### WHAT YOU HAVE TO DO:
In the records below, repeat word for word only the lines starting at the one that contains "Celebration table with" and ending at the one that contains "A man is digging a hole with an excavator.", pictures excluded.

### THE DATA:
%%

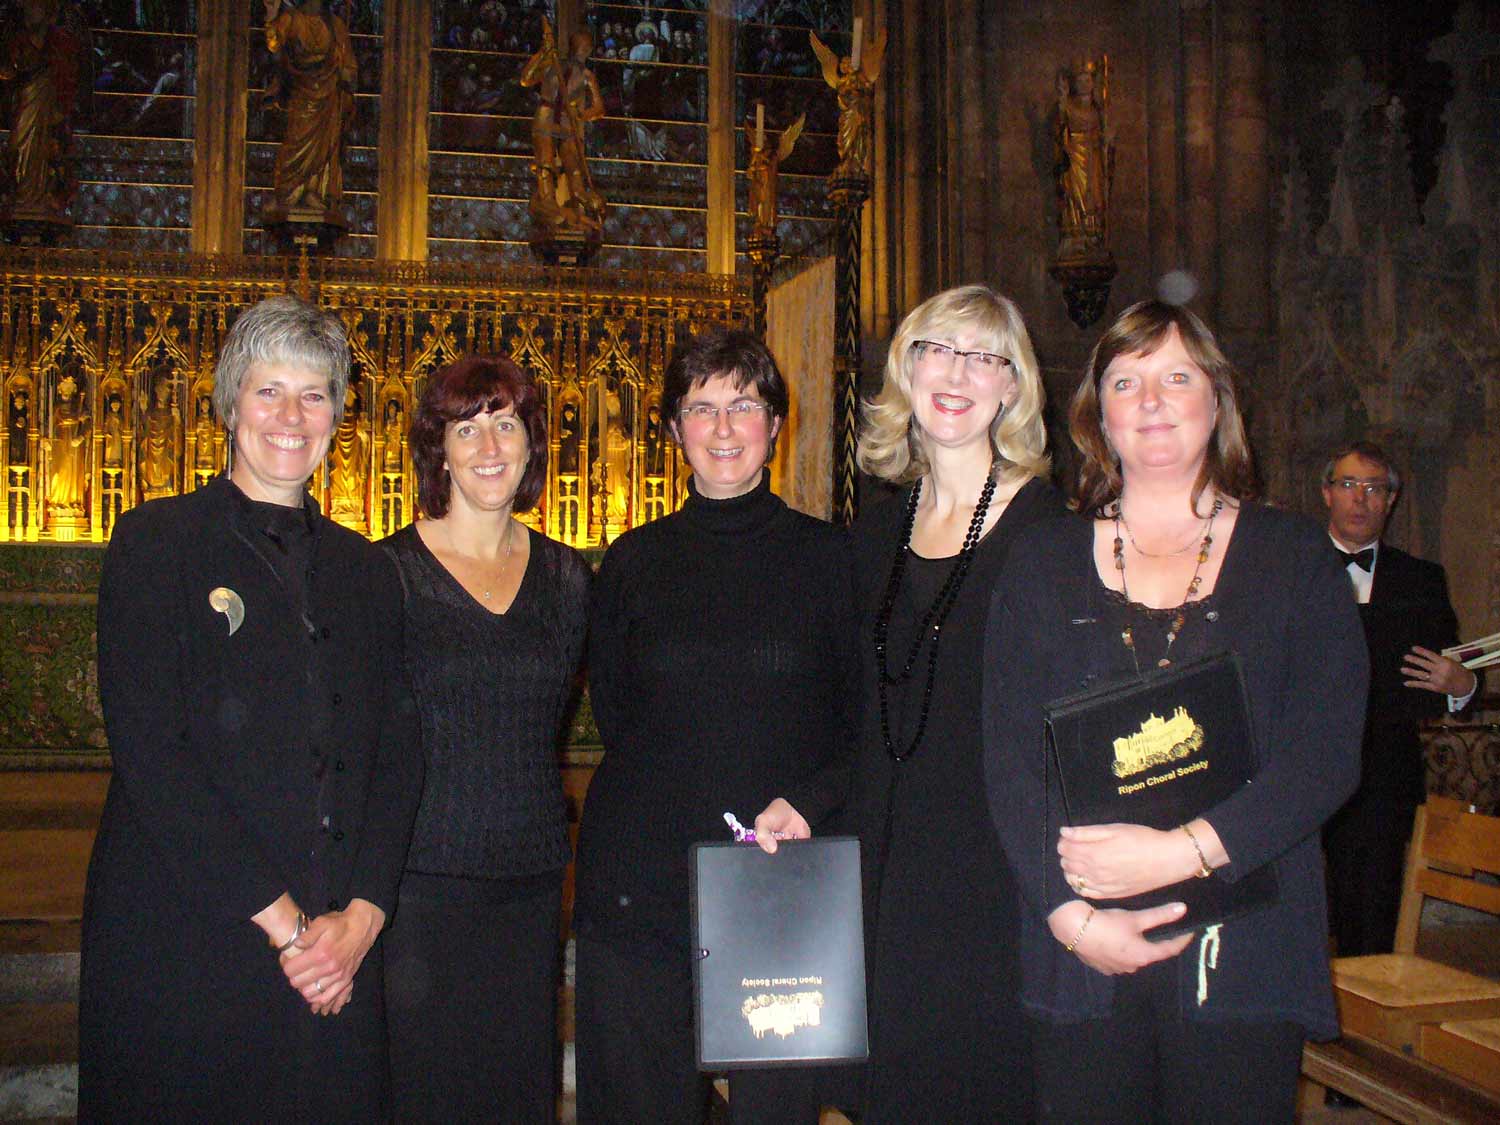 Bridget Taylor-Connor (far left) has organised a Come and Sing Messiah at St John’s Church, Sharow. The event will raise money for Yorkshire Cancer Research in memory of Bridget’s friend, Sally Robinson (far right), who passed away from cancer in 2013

%%
%%

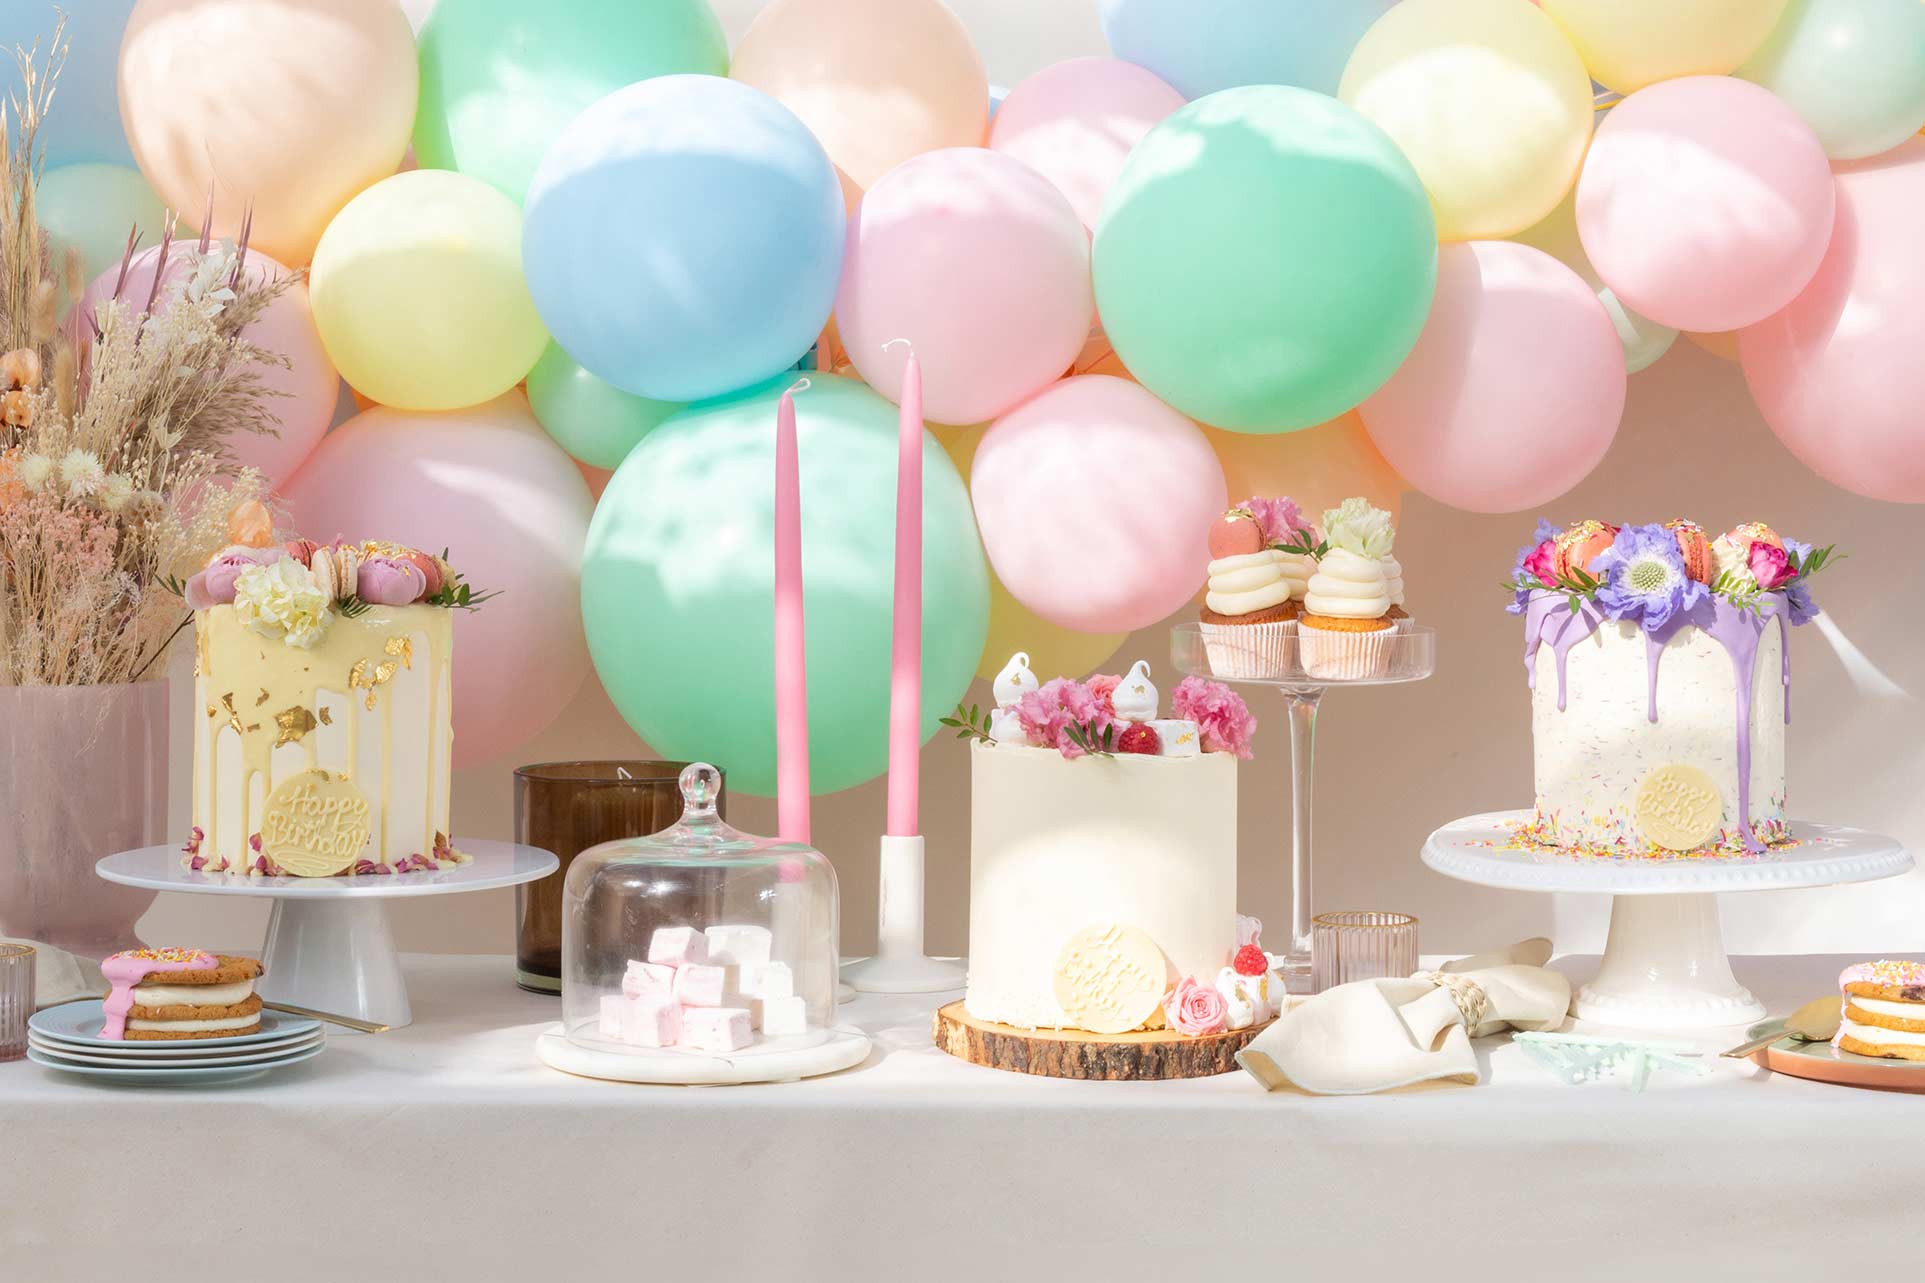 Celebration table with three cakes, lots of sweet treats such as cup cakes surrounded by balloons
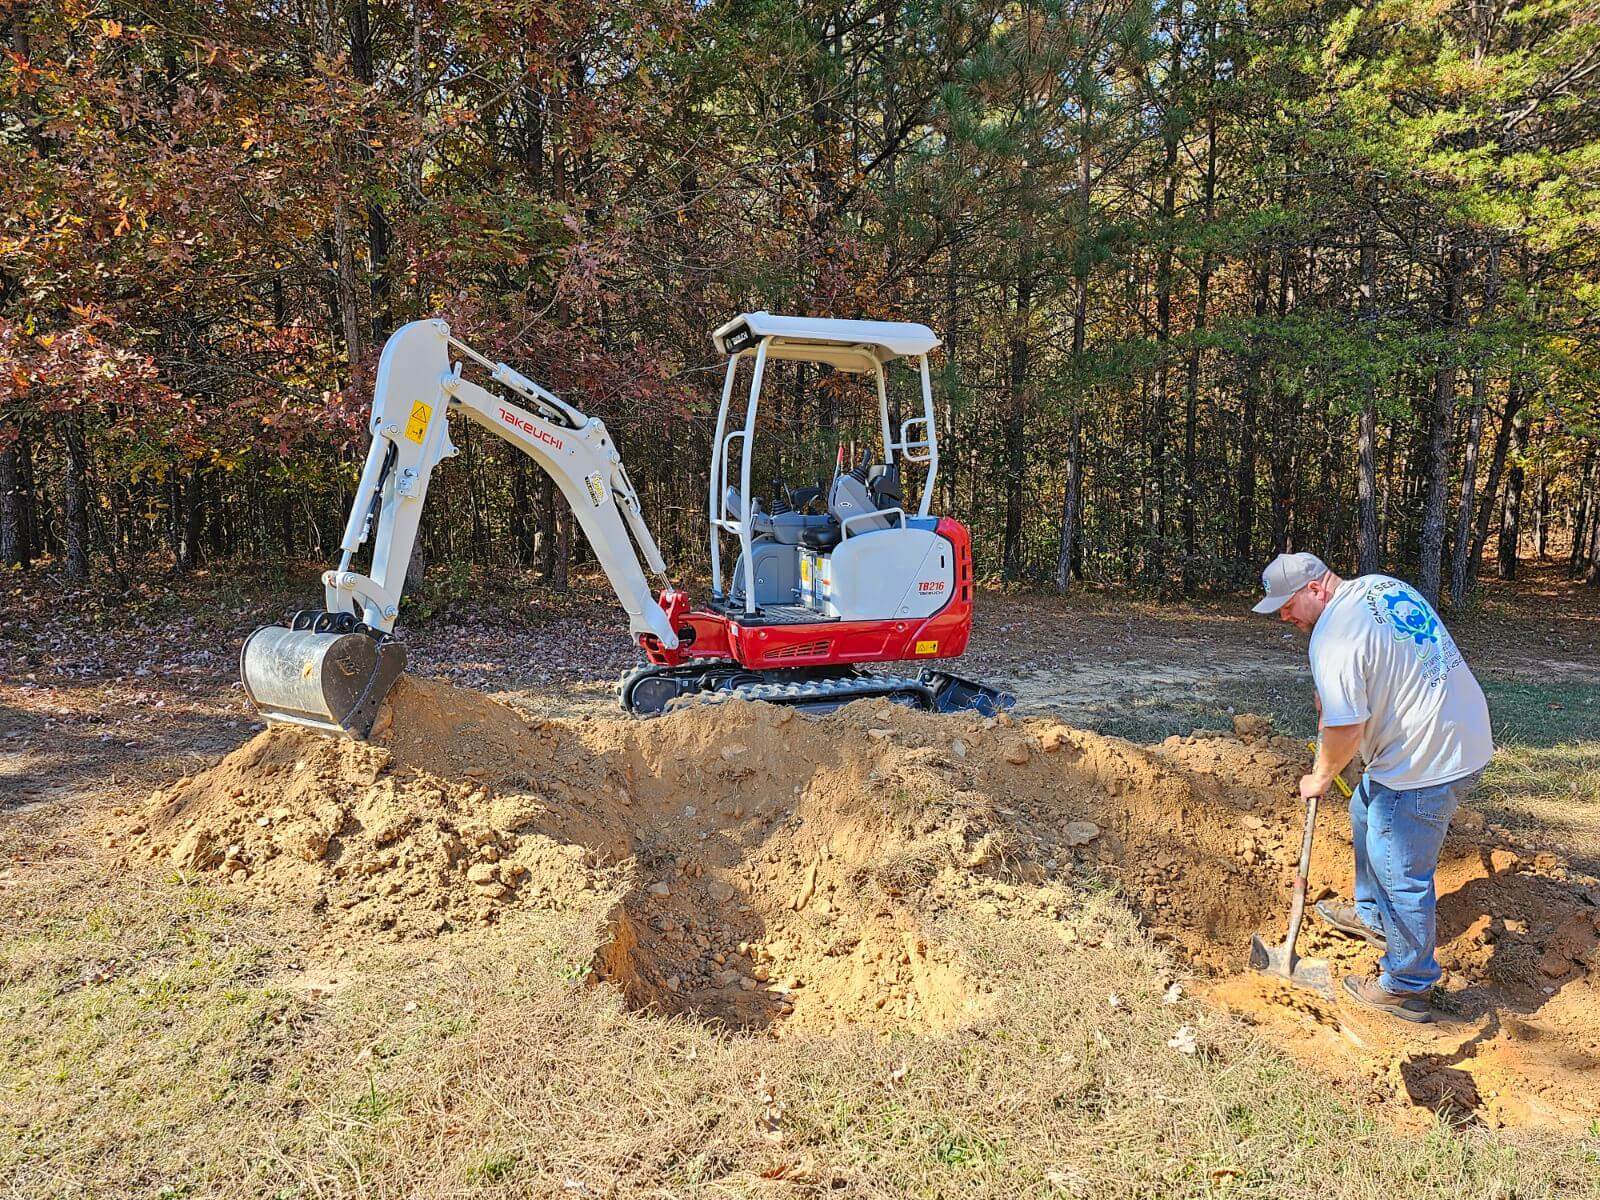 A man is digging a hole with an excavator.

%%

### EXERCISE OUTPUT:
 Celebration table with three cakes, lots of sweet treats such as cup cakes surrounded by balloons
 A man is digging a hole with an excavator.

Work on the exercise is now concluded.